After years of allegations of forced labour, slavery, and sexual and physical abuse, the future of Gloriavale is being considered by its former residents.

The Gloriavale Leavers’ Trust has released a discussion document, where it asks what needs to happen if the West Coast sect continues and what a suitable ending would look like.

Trust manager Liz Gregory said many leavers have contributed to the creation of the document, and have tried to cast a vision of a better future.

“In answering these questions, groups, and agencies will see that leavers still care about their families inside and that they want what’s best for them.

“This document does not seek to establish whether reform or closure is a preferred path, but rather what leavers would like to see if either of those options play out,” Gregory said.

What would a healthy Gloriavale look like?

The document said if Gloriavale was to continue it would require basic freedoms for its residents, suitable leadership for its activities, and repentance for past wrongdoing.

Religious, financial, family, health, mobility, education, and information freedoms are all listed as areas that need to be addressed according to the respondents, who said that it indicates they are not presently part of what it means to live at Gloriavale.

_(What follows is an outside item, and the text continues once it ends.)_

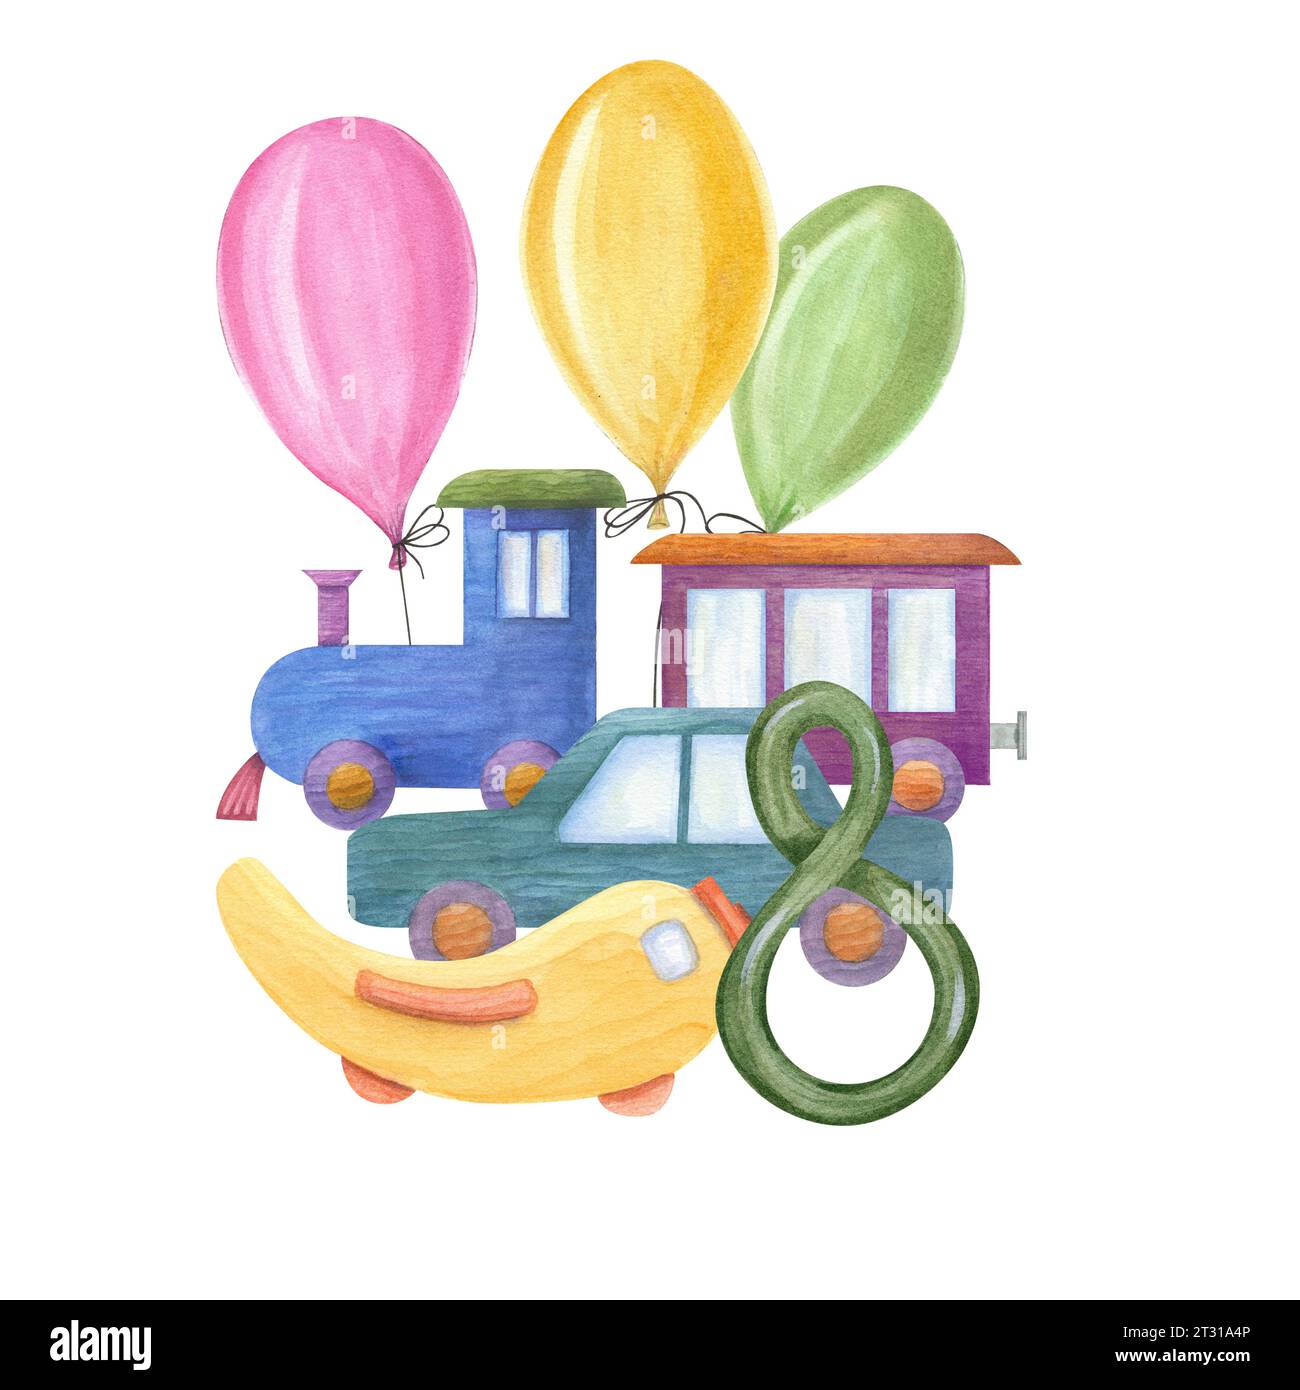 Dampflokomotive mit Wagen, Auto, Flugzeug, bunte Ballons, Nummer 8. Kinderspielzeug aus Holz. Aquarellabbildung. Stockfoto

People should be allowed to marry who they want, earn and keep their own money, make their own healthcare decisions, and hold beliefs based on their own understanding and conscience of the Bible, the document said.

“The freedom to choose to be part of the church at Gloriavale or another Christian church or no church at all while still living at Gloriavale.”

The document suggests that the leadership at Gloriavale should be reorganised into three separate groups to provide clarity of focus and a separation of powers to help ensure leadership consistently act in the best interest of the people.

It reads that church leadership to be “servant-hearted leaders who provide spiritual direction of the church at Gloriavale”, and provide oversight of the teaching, worship, fellowship, and outreach of the church.

Civil leadership would attend to the needs of the town and would be responsible for ensuring that the facilities and environment are well run and looked after, the document said. Business units could be established and be part of a cooperative in which residents hold shares.

Leavers said in all cases leadership needs to be accountable, transparent, and elected by those they lead for a specified term.

They also want repentance for past wrongs, which “will mean more than an apology it requires specific actions”, like the removal of the existing Gloriavale leadership, a reckoning for members guilty of criminal behaviour, and appropriate recompense for past mistreatment.

What if Gloriavale was ended?

Gloriavale leavers said that if the commune were to end, through whatever means, then they want residents to be given “maximum help and preparation for a new life”, as well as recompense those who have already left for past wrongs.

The ending should be an orderly, phased, and gradual process that maximises the sale value of community assets, an external or statutory group appointed to oversee the process, and “no rump or remnant group of people allowed to remain on the site”.

The document said the spiritual needs of Gloriavale’s residents must be recognised and addressed in any resettlement, as 80% of leavers join a church.

“During the ending process, Gloriavale residents must be free to access and keep books and other materials for themselves based upon their interests and preference, and choose to be part of the church at Gloriavale or another church or no church at all.

“The cemetery at Gloriavale should however be preserved and protected out of respect for those who have passed and for the sake of their family and friends.”

Gloriavale residents of all ages will need educational support for the transition to a life in the outside world, rather than just a life at the commune, the document said.

“Teaching staff from outside Gloriavale will likely be needed to provide the necessary expertise, and an external group like the New Zealand Association of Christian Schools should oversee school operations during the transition.

“All adults and older young people should receive financial literacy training covering the basics of budgeting, banking, taxation, and debt prior to exiting Gloriavale.

“Career planning advice should also be provided to people aged 16 or over to help establish future education and employment options.”

Leavers believe all residents need physical, dental, and mental health checks, and a resettlement plan should be established for each family with help from agencies, groups, and churches.

“All assets are sold and put into a resettlement fund for distribution to residents and leavers.

“All residents and leavers should have an entitlement to a share of the resettlement fund … and paid out to residents and leavers in a lump sum or installments and practicable.”